More particularly, sum
is a symbol. Symbols evaluate to their corresponding value from the environment. The environment is like a lookup table which maps symbols to values. In this case, the value of sum
is a function pointer.
1
, 2
and 3
are literals, which evaluate to themselves.
In a traditional Lisp-like language implementation, eval
determines the value of the operand and arguments, then hands them to a function named apply
, which executes the function.
(again, Python already has an apply
, so we will use the name apply2
.)
But we are getting ahead of ourselves. First, let's support evaluating literals:
def is_int(ast):
return ast[0] == "INT"
def eval2(ast, env):
if is_int(ast):
return int(ast[1])
else:
raise Exception("Don't know how to evaluate %s" % ast)
Try it out:
$ python
Python 2.7.16 (default, Mar 4 2019, 09:02:22)
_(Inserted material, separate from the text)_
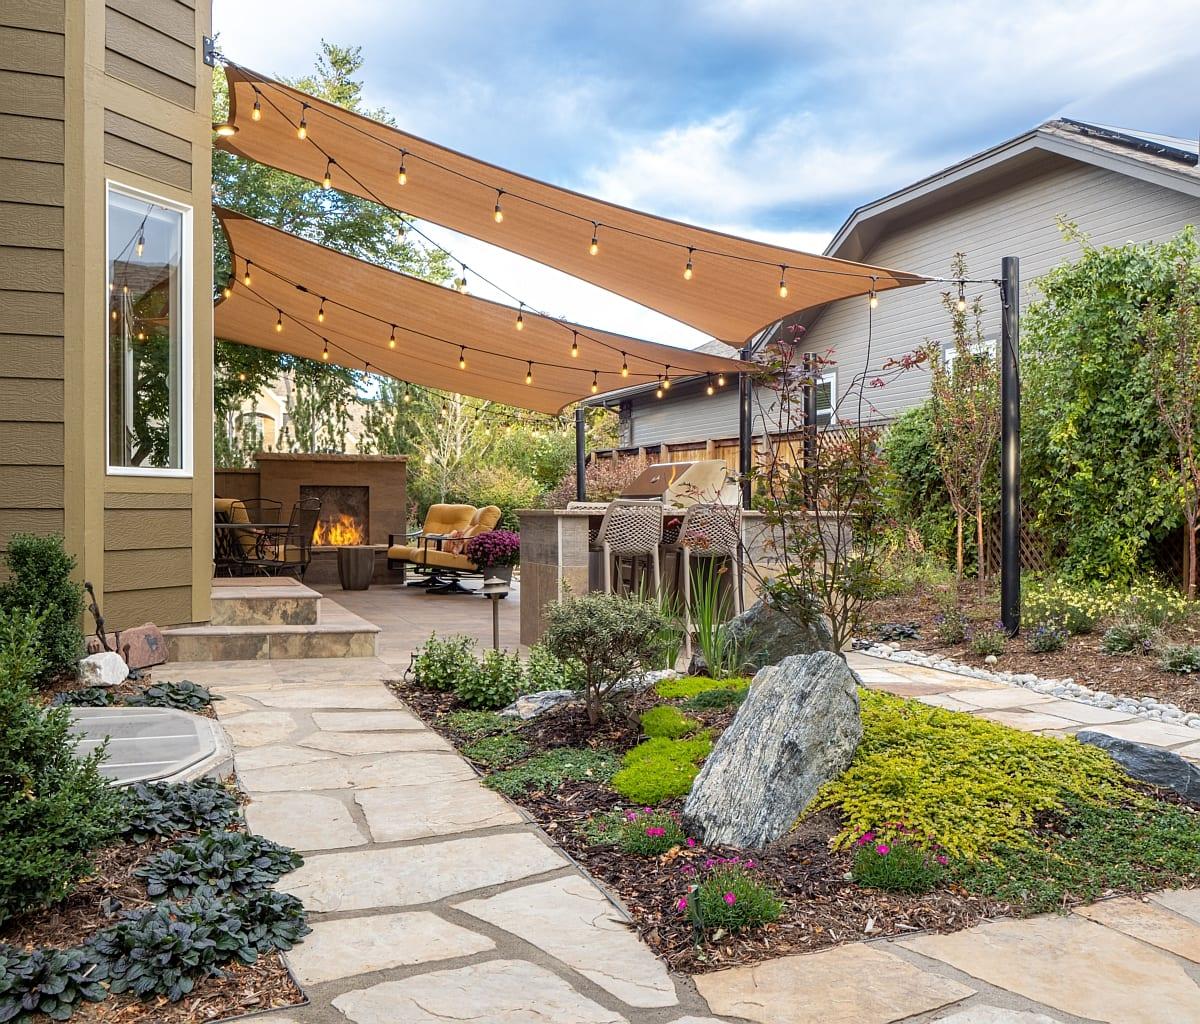 Rock garden shade sails outdoor kitchen

[GCC 4.2.1 Compatible Apple LLVM 10.0.0 (clang-1000.11.45.5)] on darwin
Type "help", "copyright", "credits" or "license" for more information.
>>> from eval import *
>>> env = {}
>>> ast = ("INT", "42")
>>> eval2(ast, env)
42
Cool, let's skip to the punchline and add a __main__
implementation so that we can run this bad boy:
if __name__ == "__main__":
import sys
from lex import load_tokendefs, tokenize
from parse import parse
if len(sys.argv) > 1:
text = open(sys.argv[1]).read()
else:
text = sys.stdin.read()
tdefs = load_tokendefs("tokendefs.txt")
env = {}
print eval2(parse(tokenize(tdefs, text)), env)
$ echo -n 1 | python eval.py
1
Woot!
Next, let's create a function sum2
(Python already defines a sum
function):
import operator
def sum2(*args):
return reduce(operator.add, args)
Try it out:
$ python
Python 2.7.16 (default, Mar 4 2019, 09:02:22)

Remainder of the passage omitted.